IronClaw, Explained¶

A plain-language tour of the design — for builders and the curious alike.

This document explains what IronClaw is and how it works, from the big picture down to the moving parts. It assumes you can read a little, but it does not assume you spend your days in security or distributed systems. Jargon is explained the first time it appears, and there's a glossary at the end.

What IronClaw is, in one breath¶

IronClaw is a personal AI assistant platform that runs on your own machine. You talk to it through chat apps you already use, and behind the scenes it runs real AI agents that can read, write, schedule things, and reply to you.
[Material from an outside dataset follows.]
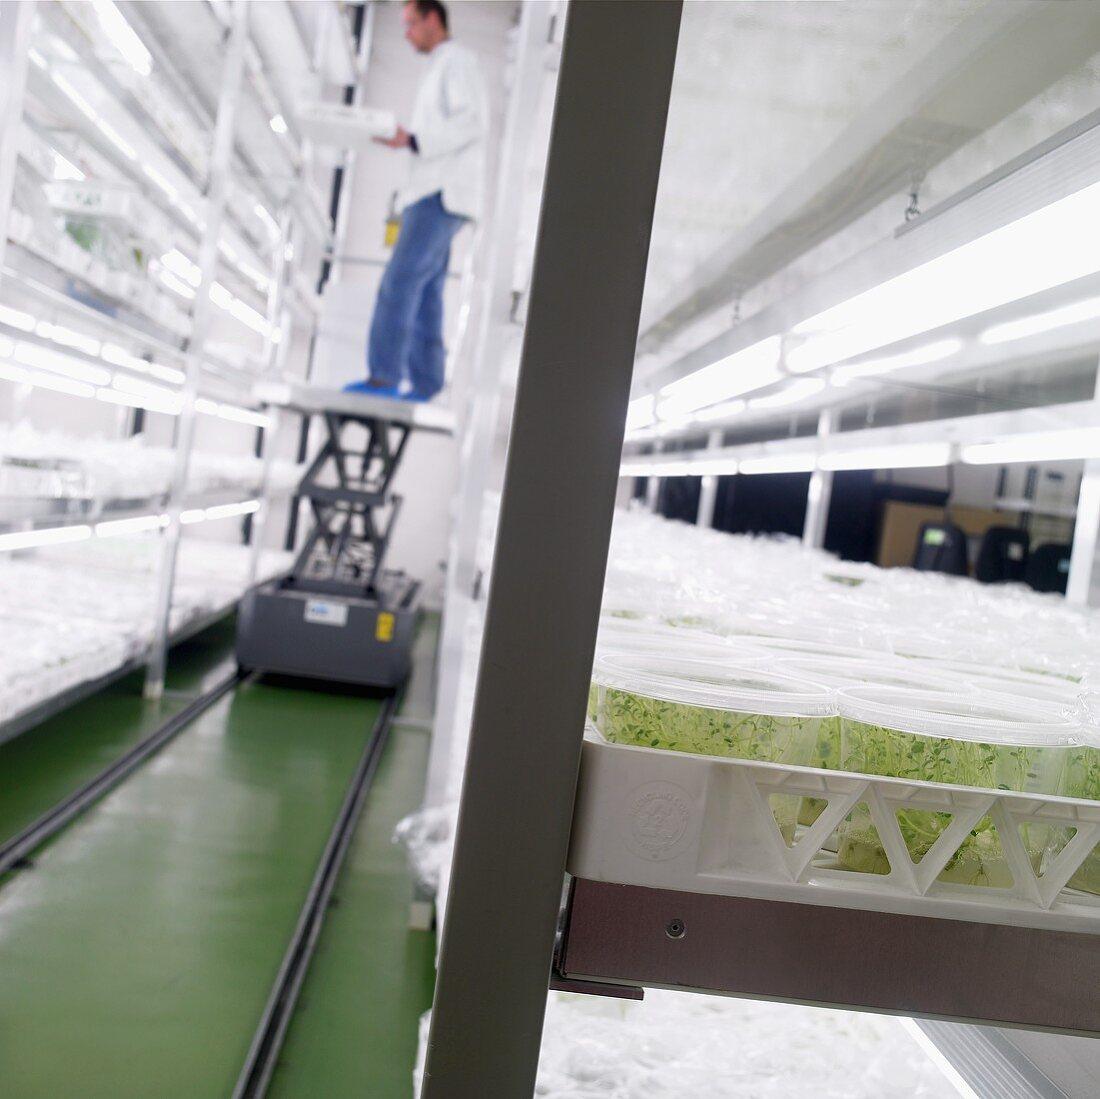 A plant laboratory

Plenty of tools already do that. IronClaw's whole reason to exist is how it does it: security first. It treats the AI agent — and the sealed box it runs in — as something that could be tricked or turned against you at any moment, and it builds hard walls so that even a misbehaving agent can't reach your data or your machine.

Jargon: agent. An "agent" is an AI model that has been given tools and told to act on its own toward a goal, not just answer one question. When this document says "the agent," it means the AI brain handling one conversation.
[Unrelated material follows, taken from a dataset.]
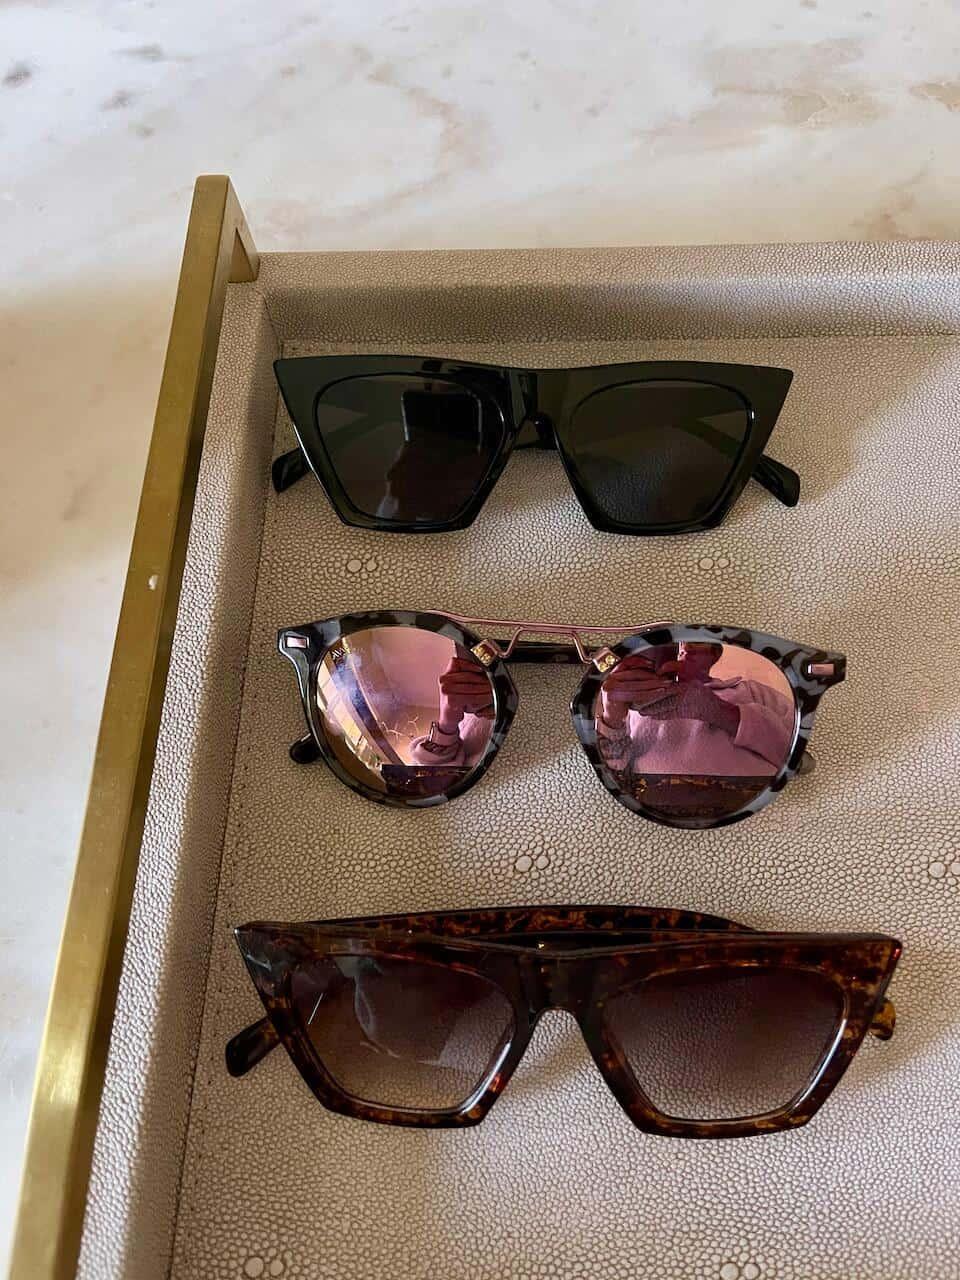 Amazon Fashion November 2020 Haul

Jargon: self-hosted. It runs on a computer you control, not on someone else's cloud. Your conversations and data stay with you.

The core belief: isolation you can prove¶

A lot of self-hostable AI tools say they're "secure because the agent runs in a sandbox." The problem is that the sandbox usually leaks: the main program quietly trusts whatever the agent sends back, the agent can often edit its own settings or code, and a single cleverly-worded message can talk the AI into doing something it shouldn't.

IronClaw starts from the opposite assumption: assume the agent is already compromised, and make sure it still can't hurt you. Everything in the design follows from four promises.

The agent can't turn on itself — it has no way to rewrite its own code or quietly expand its own powers.
You stay in control of every change — nothing about an agent changes without a human seeing it and approving it.
Your data stays sealed — every conversation is encrypted, even from the agent running it isn't given more than it needs.
Nothing escapes the box — each agent is locked in a sandbox with no way to leak your data out.

Here is the whole system at a glance:

flowchart LR U["You, in a chat app"] <--> CP["Control plane (the manager)"] CP -->|writes, encrypted| IN[("Inbound queue read-only to agent")] OUT[("Outbound queue")] -->|host reads| CP IN -->|agent reads| S["Sandboxed agent gVisor · no network"] S -->|agent writes| OUT S -.model calls.-> PX["Host model proxy"] PX -.allowlisted.-> M["Model API"] style S fill:#1d4ed8,stroke:#63a0ff,color:#ffffff style IN fill:#b9d4ff,stroke:#1d4ed8,color:#0b1124 style OUT fill:#b9d4ff,stroke:#1d4ed8,color:#0b1124

In plain terms: Your message reaches the control plane (the always-on manager). It writes the message, encrypted, into an "inbox" file the agent can only read. The sealed agent thinks, writes its reply into an "outbox" file, and the manager sends it back to you. The agent has no internet of its own — even when it needs the AI model, that call is routed through the manager.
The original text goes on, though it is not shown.